В зимнее сумрачное утро, еще без признаков света и дня, когда в домах светятся желтые окна и люди идут к метро, едва различая под собою дорогу, можно было видеть у поворота к школе сидящую посреди мостовой одинокую собаку. Это Гай поджидал школьников. Они появлялись к восьми часам, звонкоголосые и неугомонные даже в угрюмой полумгле холодного утра, словно весенние ручейки под спудом темного снега, и Гай уже бегал взад-вперед вдоль их длинного и тесного шествия. Много писклявых голосов окликало его; и он поспевал всюду, там получая кусок котлетки или булки, в другом месте — просто дружеский щелчок по лбу.
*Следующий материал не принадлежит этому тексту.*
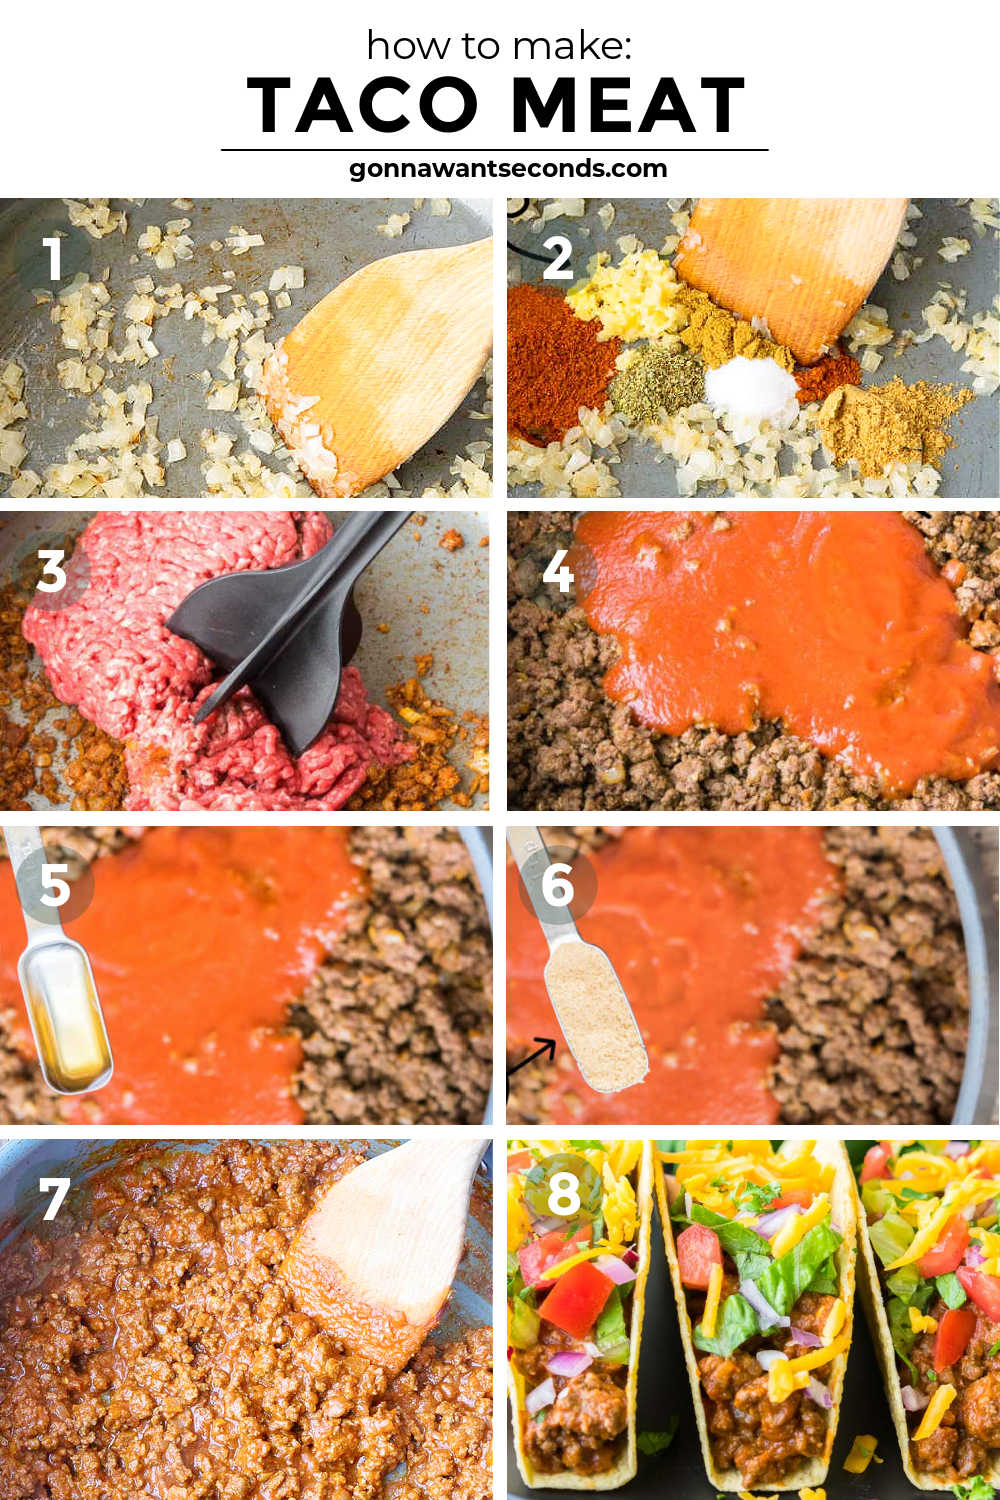 Step by step how to make taco meat
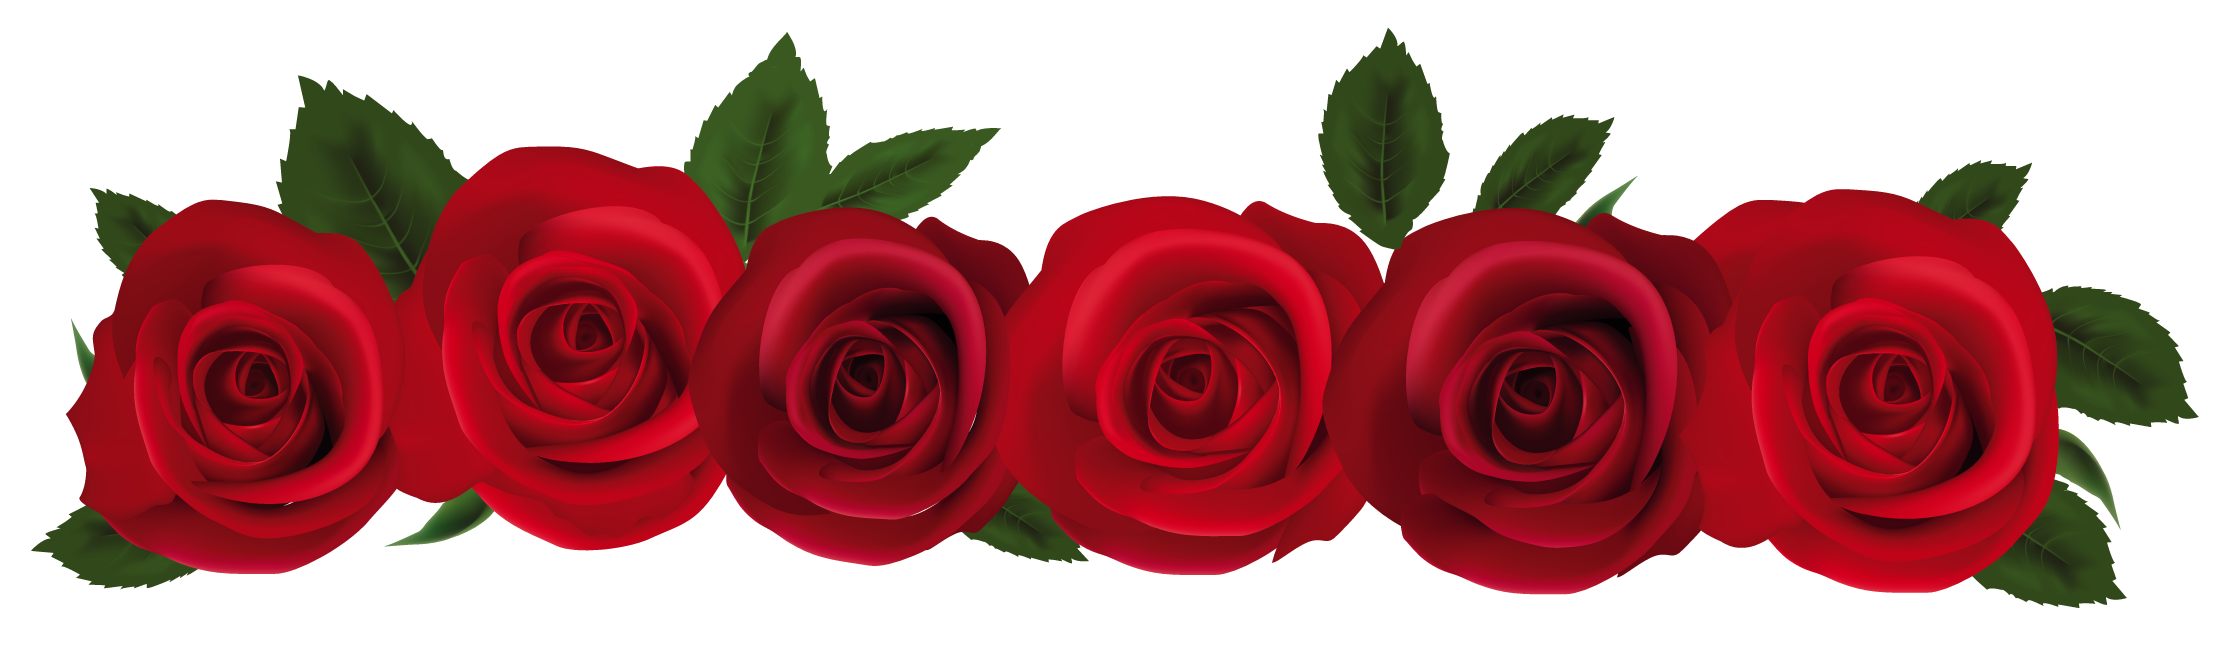 clipart red roses border - photo #10

Проводив кого-нибудь до дверей школы, Гай трусцой спешил назад, подняв одно ухо и дружелюбно оглядывая румяные детские лица.

Позже эту желтую со светлым брюхом, молодую, крепкую собаку можно было увидеть где-нибудь на пустыре, весело скачущую среди играющих в снежки ребятишек, или на горке, бегающую вслед за санками, или на катке у дома сорок, где мальчишки играли в хоккей, а тонконогие девочки в ярких рейтузах и юбочках вертелись с краю на фигурных коньках. Гай совался под клюшки, пытаясь схватить зубами резиновую шайбу, и, оскользаясь лапами на льду, летел иногда с ног долой. Ребята его не прогоняли, и он с горящими глазами и весело оскаленной пастью бегал меж ними, выжидая удобный момент для наскока. Если удавалось ему схватить эту черную резиновую шайбу, он тут же не спеша пускался наутек, закрутив над спиною хвост, и несколько мальчишек с криками пускались за ним, прыгая на коньках по снегу. Отбежав подальше, Гай бросал шайбу на снег и, прижимая ее лапой, весело оглядывался на преследователей.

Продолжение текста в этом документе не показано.